Re: Books - Strike Reread
Date: 2026-01-10 04:02 pm (UTC)I'm enjoying reading your thoughts but I have nothing else to contribute here!
Re: Books - Strike Reread
Date: 2026-01-11 12:11 am (UTC)Anyway! On this reread, I'm noticing just what an asset Barclay is to the team. On page 706, he agrees to pretend to be an adult baby for the sake of a case. Now that's professionalism.
Re: Books - Strike Reread
Date: 2026-01-11 12:16 am (UTC)Re: Books - Strike Reread
Date: 2026-01-11 01:15 am (UTC)So, to me, this is consistent with Barclay thinking Strike is out and busy and going into the office for reasons of his own, then quickly covering it up. Especially since it's used to interrupt a scene that the reader would be paying attention to (potential romance stuff). Would be a good place to put a plot-important detail.

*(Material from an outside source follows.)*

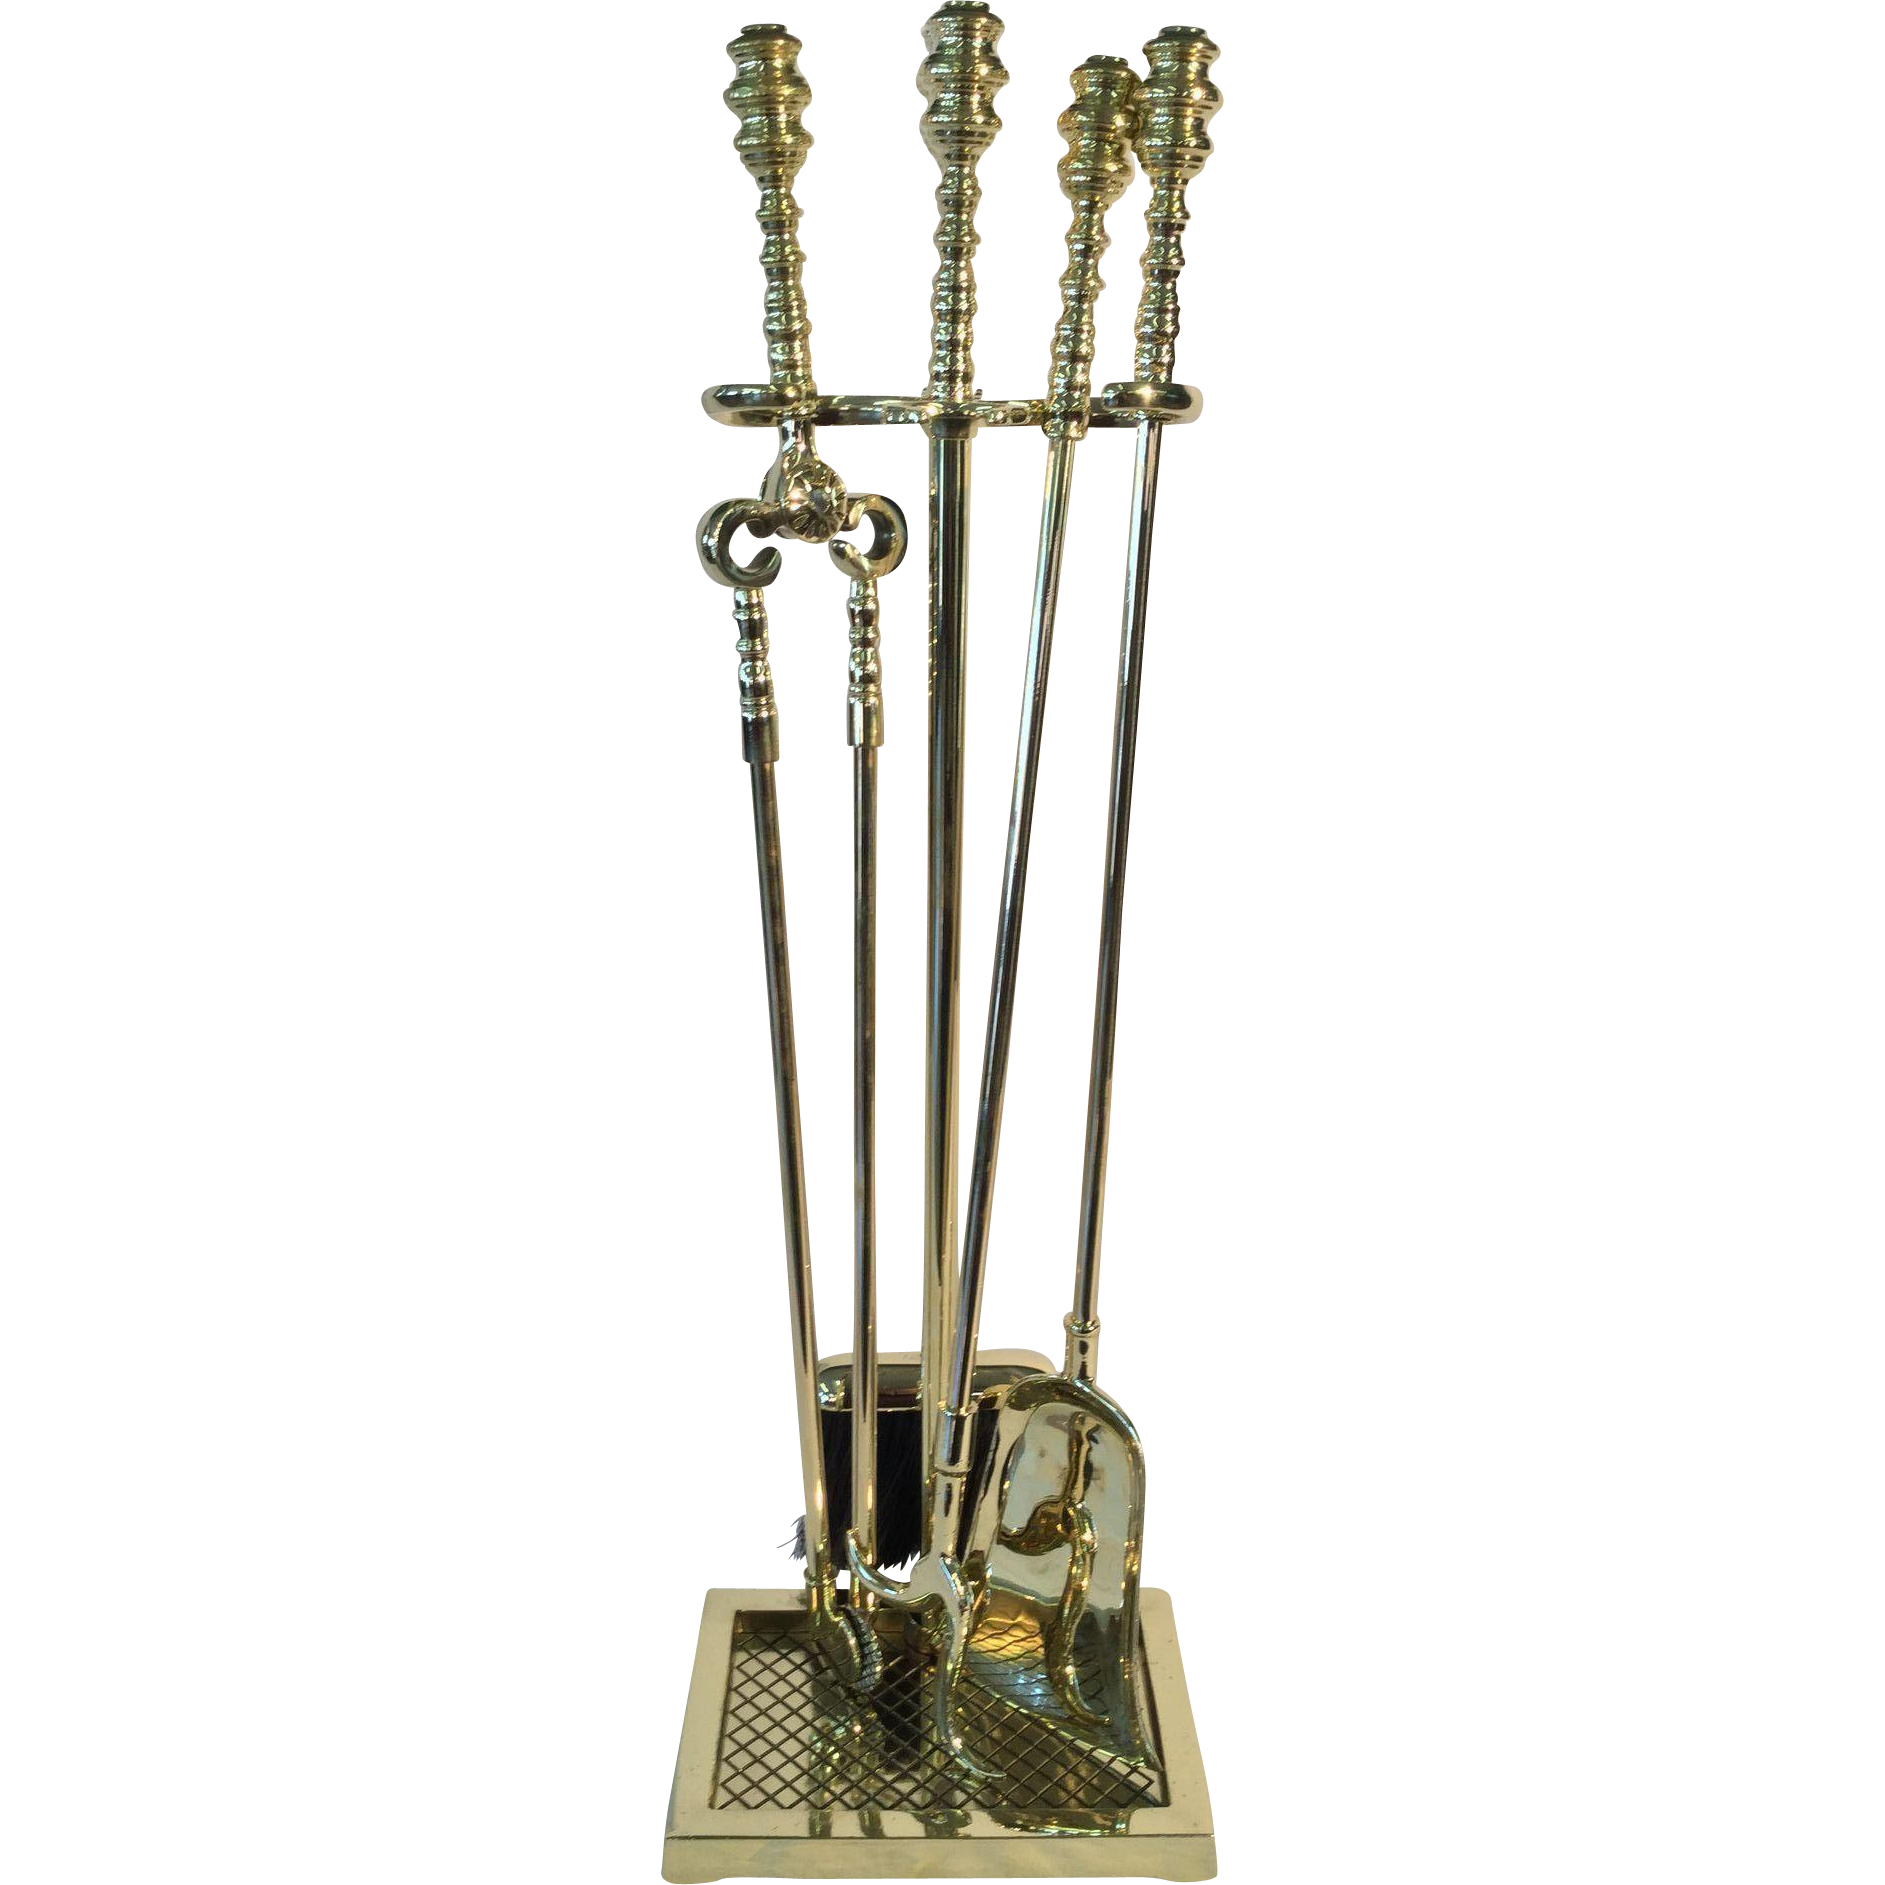 Fireplace tool set beehive handles

But otoh, could be massively overthinking it. Maybe Barclay just expects Strike to be working late. Maybe the office windows don't face out onto the street; I don't remember. Plus the 'main' story of each of these books sometimes isn't told in a way I'd consider 'fair', with all the clues on the page before the characters work them out; sometimes Rowling narrates a scene, without including the clue, then 600 pages later, a character will remember the scene, with a new detail that contains the clue, and then work it out from that. Often feels 'cheaty'. So I'm not sure any overarching plot will have clues placed carefully, like this. I enjoy the books more for the vibes than the puzzling. But it'll be interesting to see if this goes anywhere. If I were picking a character to be treacherous, Barclay would be a good one.
Nearly at the end of this book, anyway. After this, they're ones I haven't read!